Un jour, je serai Roi
note…
Soudain, son regard vif se plante dans celui du manchot :
— Tant d’efforts justifiés par la seule élévation d’une Orangerie et d’une Ménagerie ?
Le Vau marque un silence avant d’ajouter :
— Si élégantes que soient ces réalisations, celui qui y pense comprend que cela ne tient pas…
— Sans réduire votre talent, ce ne sont que des divertissements destinées à égayer le roi et sa Cour quand ils se trouvent à Versailles, ces lieux ne seront jamais rien de plus, rétorque Toussaint.
— L’énergie dépensée par les centaines d’hommes que nous entendons gémir au loin, ainsi que le génie de Le Nôtre, Le Brun, et de votre serviteur, ne serviraient, selon vous, qu’à la tenue de fêtes auxquelles on se rendrait pour ne pas déplaire ?
— Ce que le roi veut…
— Votre réponse est un peu courte, jeune homme.
— Eh bien ! Expliquez-moi puisque je suis un âne bâté.
— Votre humeur se brouille. C’est inutile. Écoutez plutôt ceci : ces fêtes ont pour dessein de rendre incontournable Versailles, d’en faire l’endroit à la mode, là où ceux qui comptent se croisent. Or, pour attirer, il faut séduire.
— Bien ! Je suis conquis par Versailles, raille Delaforge. Est-ce pour autant que je vais déserter Paris et vivre à la campagne, à quatre lieues de tout ce qui vit et bouge ?
— Le roi pense heureusement plus loin que vous…
— Vous recommencez à me traiter d’idiot !
— Non, très cher. Je sais des choses… Du moins, je les devine.
— Fort bien. Faites-en profiter un simple d’esprit…
Le Vau ne relève pas. Il préfère s’abandonner à ses pensées, réfléchir encore en scrutant le château construit par Louis XIII.
— Oui, je suis certain d’avoir raison, murmure-t-il.
Il bondit dans le carrosse et en revient muni d’une plume et de papier. Il trace, dessine et parle en même temps.
— Les fêtes de Versailles ne sont qu’une étape. Une manière de nous habituer aux lieux. Et de donner du temps à Le Nôtre pour qu’il conçoive les plus beaux jardins de la création. Quand le moment sera venu, quand tout sera prêt, Versailles deviendra l’épicentre du monde, et tous devront s’y plier. Mais deux ailes et un vieux château en brique ne suffiront pas. Il manque encore ce que je dois imaginer et construire : un palais digne du plus grand des rois.
— Faire fi de Paris, du Louvre et même de Saint-Germain-en-Laye ? Tout miser sur Versailles ? Le pari est risqué. Moi, je n’y crois pas. Comment être certain que Louis XIV a fait ce choix ?
Le Vau lève sa plume. Il a reproduit exactement le château de Louis XIII.
— Le roi me l’a dit. Pas aussi nettement, se reprend-il. Mais au cours de ce bref entretien sur la terrasse…
L’architecte hoche la tête et reprend son travail.
— Il s’interrogeait, continue-t-il. Comment concilier le passé et ne pas étouffer demain ? Oui, comment honorer la mémoire du père et bâtir le château qui ressemblera à son fils, Louis le Grand ?
Il s’interrompt encore.
— Voilà les deux raisons qui freinent son programme. Il faut des jardins, et cela prend du temps. Mais il veut également respecter le passé.

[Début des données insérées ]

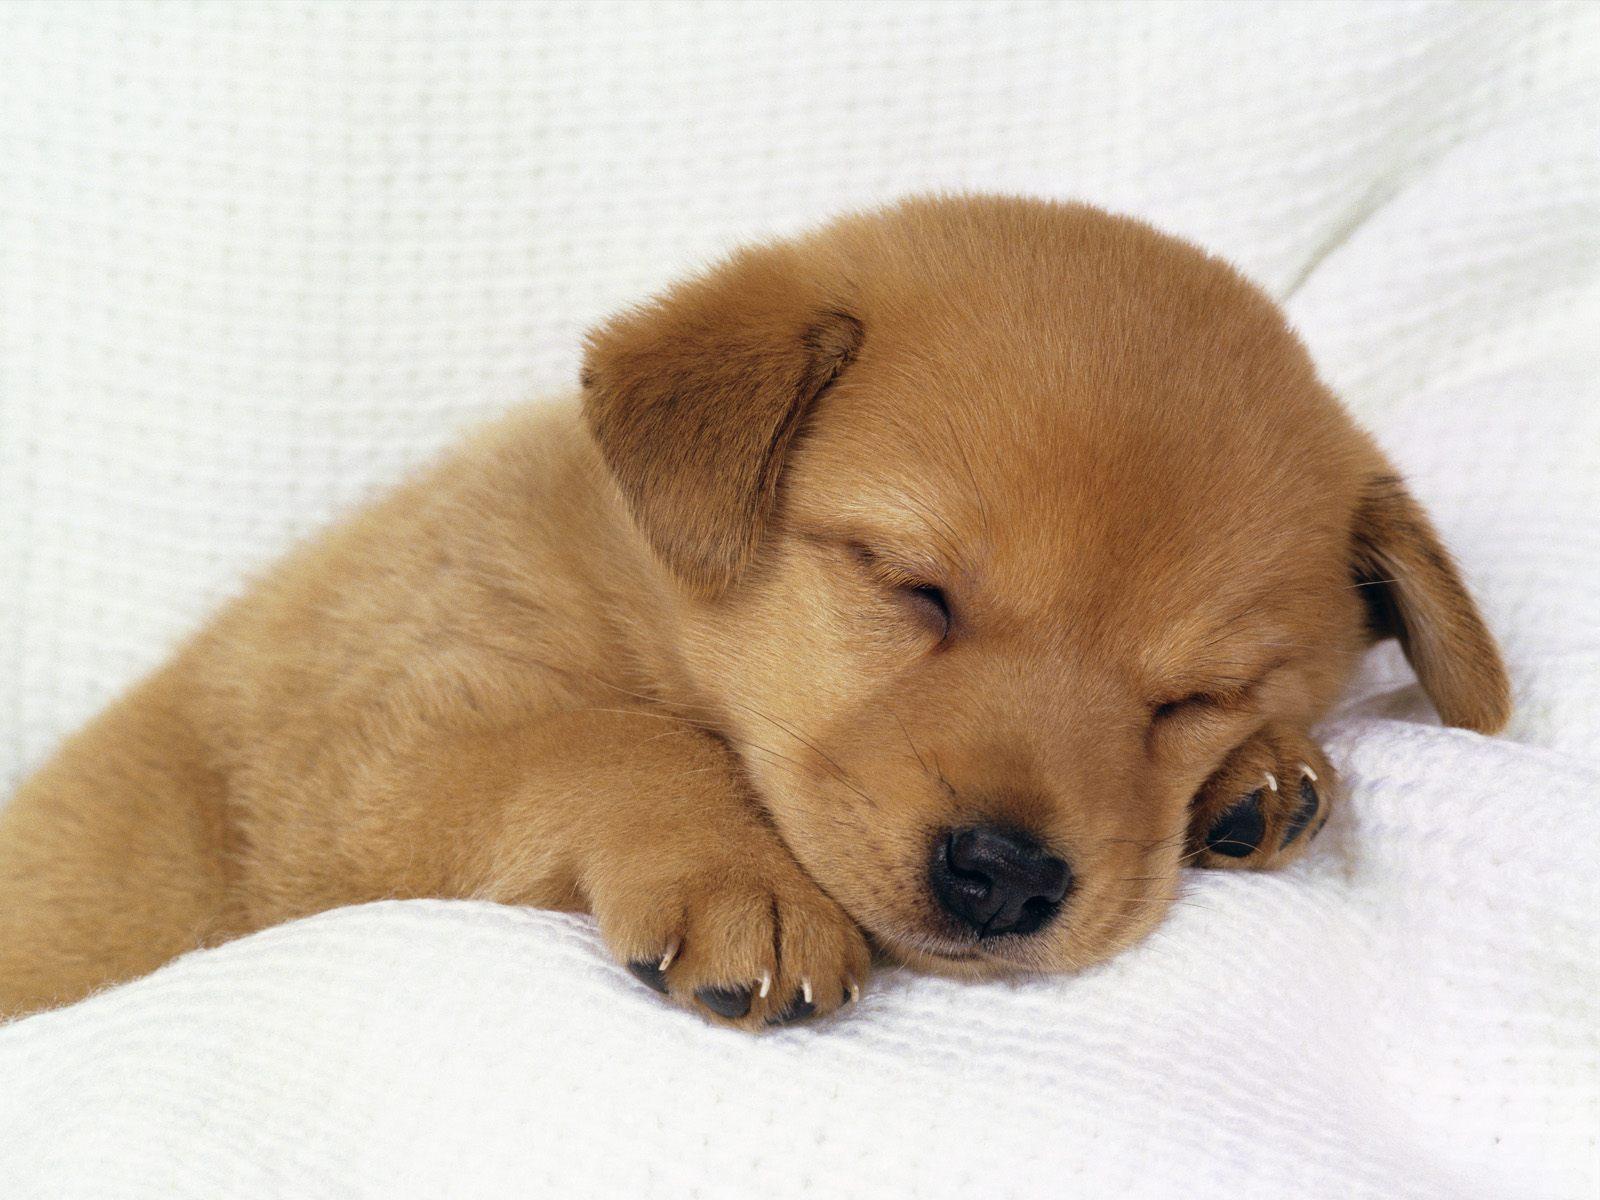 Sleeping dogy

Il a fini son esquisse, la montre à Delaforge :
— Et j’ai trouvé comment marier hier et demain.
On ne reconnaît plus Versailles. Hélas, Le Vau glisse le papier dans sa poche sans que le seul témoin ait eu le temps de voir l’invention.
— Prochainement, vous saluerez mon génie… Et tous les deux, nous en profiterons grassement. Montons ! Vous avez si hâte de rejoindre votre Paris.
Sur le chemin du retour, l’architecte ne cesse de revenir sur ce sujet : Versailles. Pas un instant, il ne doute de l’ambition de Louis XIV qui, martèle-t-il, y engloutira des millions et des millions de livres.
— Ce château n’est que la proue d’un immense navire. Il réclamera des milliers d’hommes et nous manquons de place. Donc où les loger ? Celui qui misera touchera gros. Être immensément riche : seriez-vous opposé à un tel programme ? Attendez ! Ce n’est pas tout. Pensez à la nourriture, aux plaisirs… Ajoutez ce que la noblesse construira pour se rapprocher du roi. Faites le calcul, Delaforge. Voici qu’est en train de naître le plus grand chantier du siècle !
— Encore faudrait-il que la Cour fût séduite, lance son voisin qui préfère le concret et songe à la construction du fameux collège des Quatre-Nations.